The agricultural industry is changing. Farms are becoming larger, machinery is getting bigger and manpower is getting less.

It could be argued that these are just the ingredients to guarantee that the future of the contracting business is assured. But it is not a simple as that – theres an awful lot of money needed to be invested (and risked) if contractors are to keep up with the demands of modern farming practices.

In this issue of Contractor Update we take a look at the opportunities for whole farm contracting and discuss the financial advantages such operations may hold for contractor and farmer alike.

Complementing this informative article is a piece on how a contractor gears his machinery investment to his annual work load – not, it seems, an easy task to get right.

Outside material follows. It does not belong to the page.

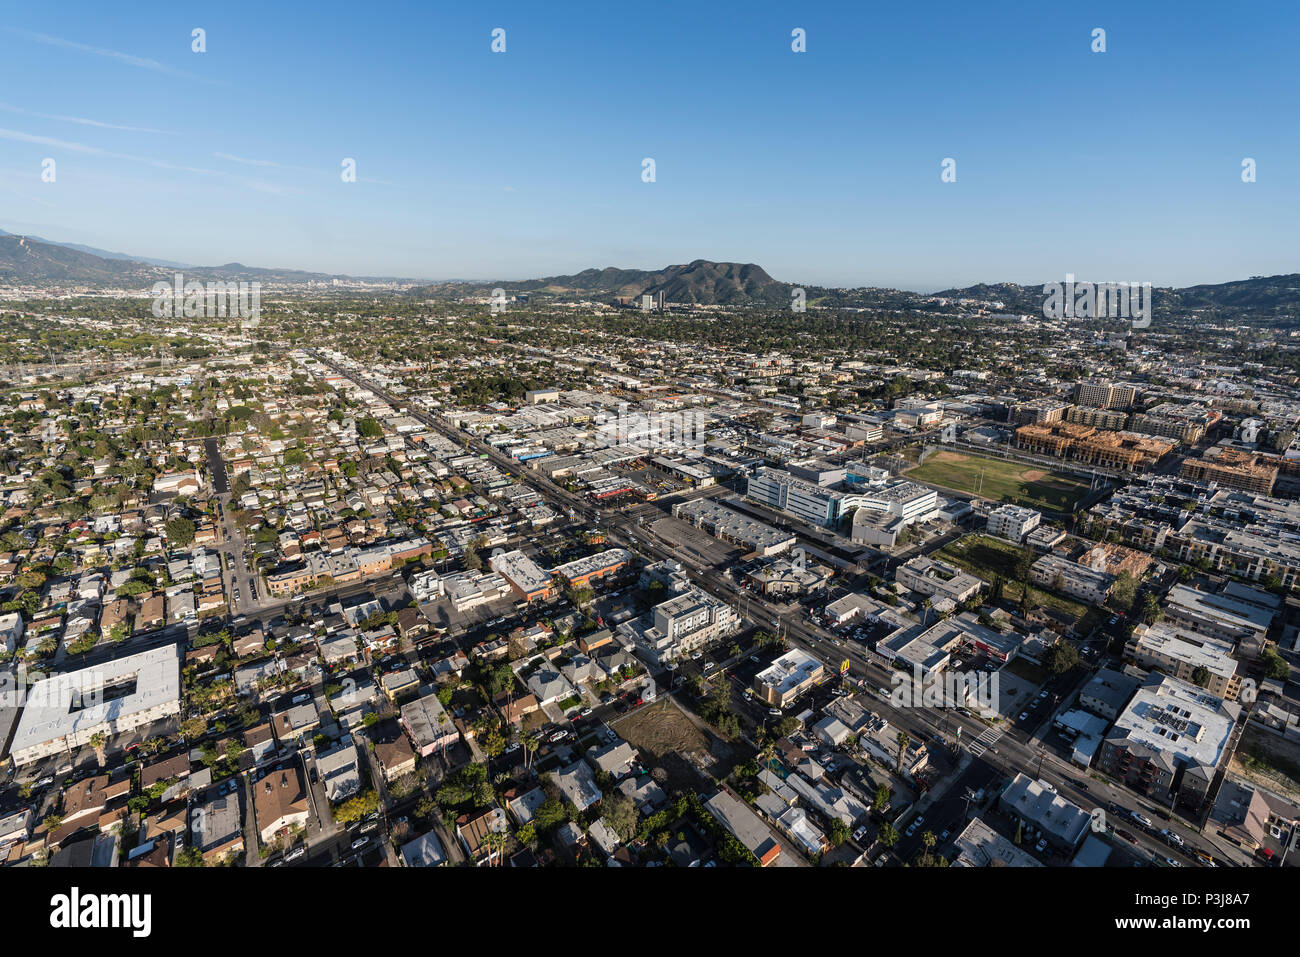 Los Angeles, Californie, USA - 18 Avril 2018 : Vue aérienne de Burbank Blvd et le nord d'Hollywood dans le voisinage de la vallée de San Fernando. Banque D'Images

For those contractors looking to diversify their operations we have opportunities to discover grain maize and short rotation coppicing. Grain maize for one West Sussex contractor is proving to be a profitable enterprise. Harvested in late autumn, it has enabled his combines to be earning good money when most others are under the barn.

Coppicing clearly has a high potential for contractors with the specialist machinery it requires to harvest. But the question is when will this potential be realised? Lack of financial support would appear to be hampering its development but we are assured it will happen.

Finally, of interest to all machinery owners is a way of ensuring that tractors and implements dont get stolen, or if they do they are easily traced. Its a high tech, high cost solution but one which could be worth the investment when the high cost of machinery is considered.